|mama's chicken karahi|
i missed this. a pool of bronzed oil, chicken with slightly crisp, caramelised edges and a lacquer of tomato along with the bright heat of fresh green chilli. a really good chicken karahi must be all these elements and must be accompanied by fluffy and soft white naans. the naans should be thick enough to allow their edges to be prised open to a thinner layer. this exposes the dough like centre that becomes a sponge for the spiced oil and masala.
a karahi is actually a cooking utensil that resembles a wok with two handles. the round bottom is intended to nest on a naked flame allowing the oil to get really hot. nowadays they are usually made of stainless steel and are of medium thickness. a chicken karahi therefore is literally chicken cooked in a karahi and in pakistan you can get mutton karahi as well. the wok-like shape of the karahi makes it particularly suited to quick cooking and frying and explains why chicken or mutton karahi is so appealing when guests arrive unannounced. it is the kind of dish that can be prepared in almost the same time in which the house help is dispatched to get naans from the tandoor.
it was certainly a favourite with my sibling who would promptly ask mama to have a two chicken karahi prepared when his friends would come over and there was no meat based dish in the fridge. their teenage and therefore voracious appetites would most certainly mean that the karahi was scoffed down within minutes. i was content with wiping the spiced oil straight from the karahi with naan revived in the toaster after they were done.
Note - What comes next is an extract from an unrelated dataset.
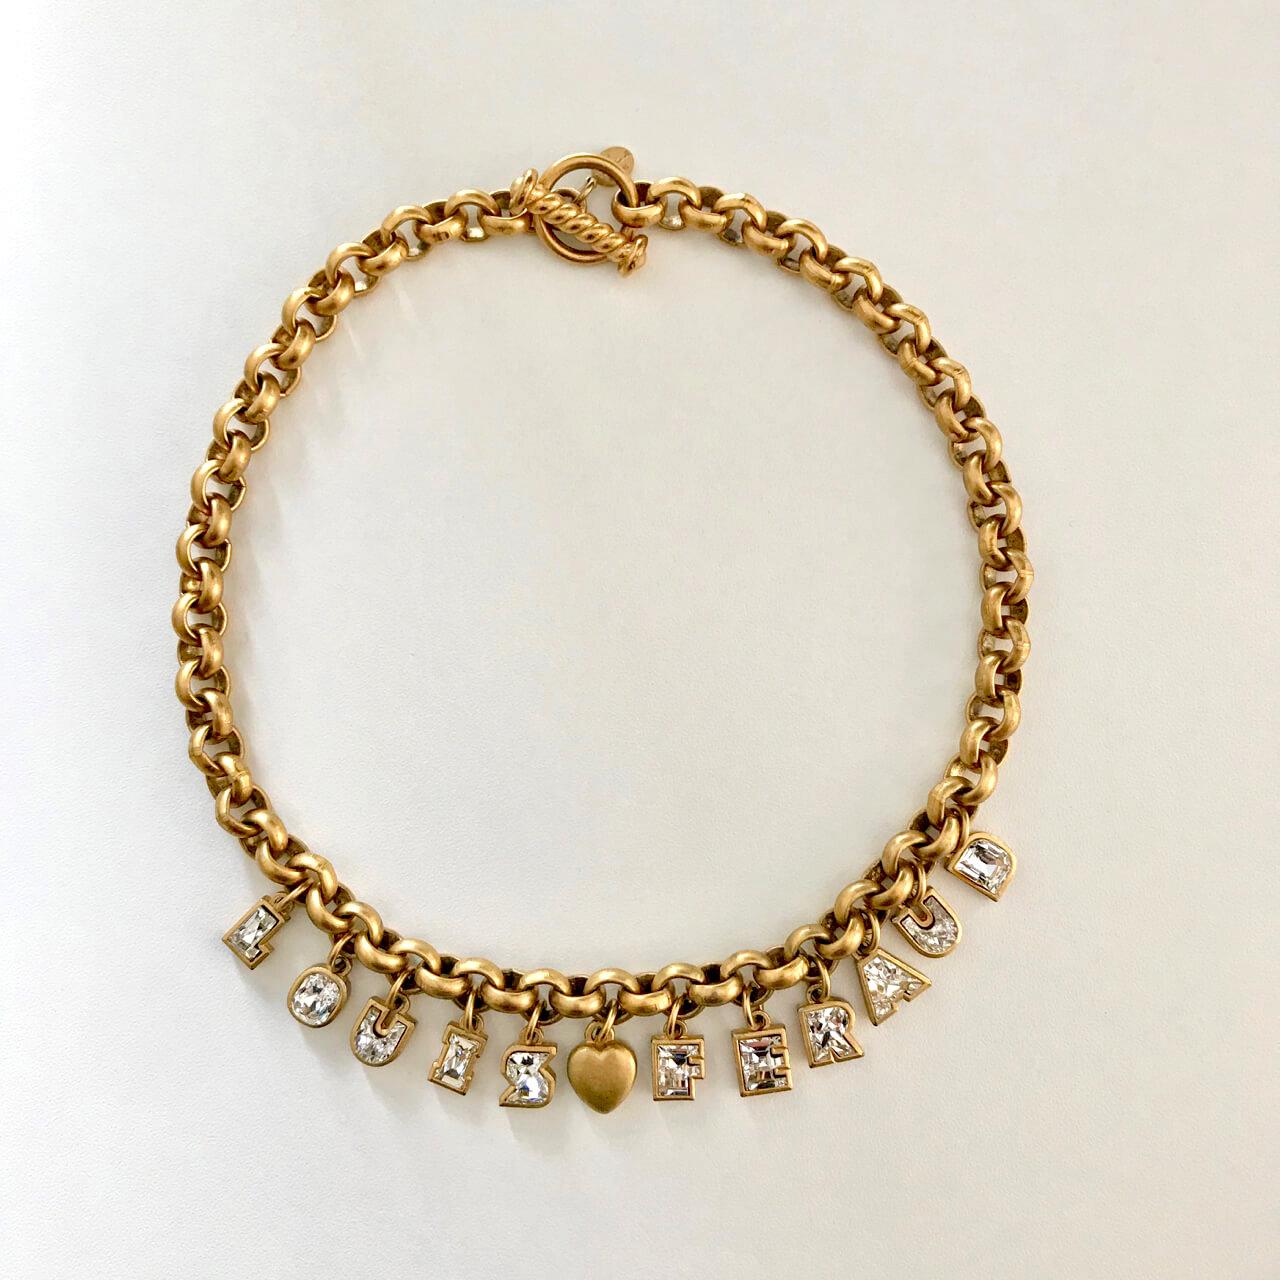 Un ensemble rare de collier et bracelet Louis Féraud des années 1980, comprenant chacun une chaîne massive en or, des lettres de breloque 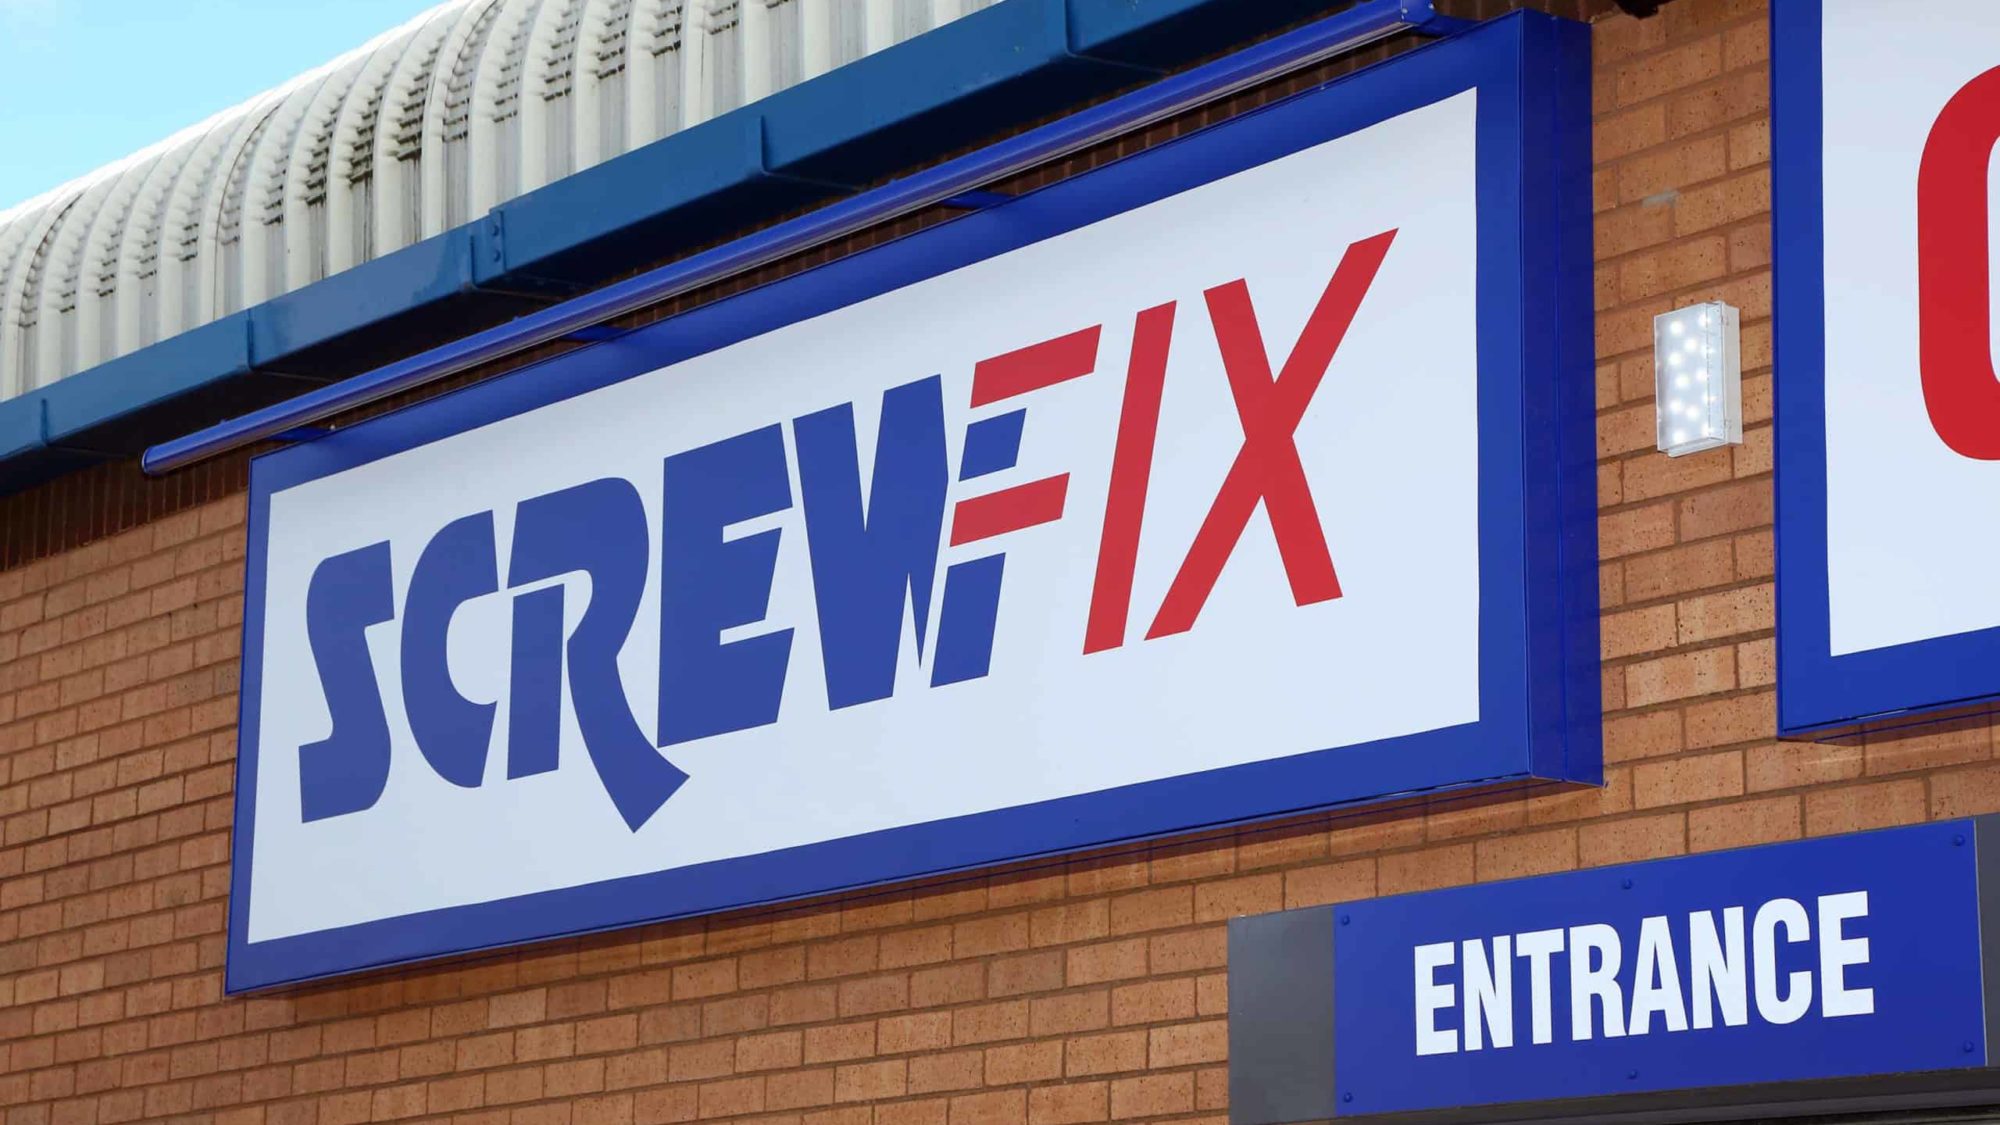 Screwfix sales up 15.4 per cent

mama taught me her recipe on her recent trip to london. there is no singular recipe for karahi as each household will have its own preferences and some will even use onions. the latter give it a sweet edge. i am adding some notes as a preface to the recipe. the foremost is that a wok works equally well in the absence of a karahi. this is a simple recipe and i suspect that if you stir-fry often you should not have difficulty making this. but for those who do not, it might require a little practice. firstly, this is not the kind of dish where you can economise on oil. an over-generous pour of it is necessary for the chicken to caramelise and the tomatoes to become a jammy mess that clings tenaciously to the chicken. secondly, you will need to ensure that the butcher cuts the chicken into at least eighteen to twenty pieces. they should be larger than bite size pieces but much smaller than a regular jointed chicken. when cooking, you will need to play around with the heat a fair bit. for instance the chicken is initially seared on high heat but the garlic and ginger paste must be sautéed on lower heat to ensure that it is does not burn. and of course one always simmers on medium to low heat. lastly, i much prefer a dry masala so i fry the tomatoes until they are merely a lacquer on the pieces of chicken. you can adjust the masala by frying it to your likes. and now here is the recipe.
a one and a half kg chicken, skinned and cut into eighteen to twenty pieces
five to six cloves of garlic
a one inch piece of ginger, peeled
one teaspoon chilli flakes
salt to taste
one teaspoon white cumin
five plum tomatoes, roughly chopped
pound the garlic cloves and ginger in a pestle and mortar until reduced to a smooth paste.
start by heating half a cup of oil in a large karahi or wok. when it is hot add the chicken. make sure that the pieces are in a single layer so that they brown evenly. the aim is to colour the exterior, not cook the chicken at this stage. if your wok is too small to accommodate the whole chicken sear it in batches. this should take around ten to twelve minutes.
once the chicken has caught colour and lost its raw smell reduce the heat to medium-low and add the ginger garlic paste to the wok. fry this briefly until it smells aromatic, but taking care that it is does not go brown or burn. then add the salt, chilli flakes and white cumin. lastly add the tomatoes.
increase the heat to high for a minute to encourage the tomatoes to run their juices. then reduce the heat so that the contents of the wok are at a whispering simmer. place a lid on the chicken and allow it to cook in the juices. this will help tenderise the chicken.
check the chicken for doneness after fifteen minutes. if it is not fully tender let it continue simmering for another five minutes. the final stage involves turning the heat up and frying the chicken. the karahi is ready when the tomatoes are jam like in consistency and the oil separates from them. its colour will be dark sunflower owing to the tomatoes and spices.
finely chop the coriander, julienne the ginger and slice the green chillies into fine rounds. garnish the chicken karahi with these and serve with soft white naans.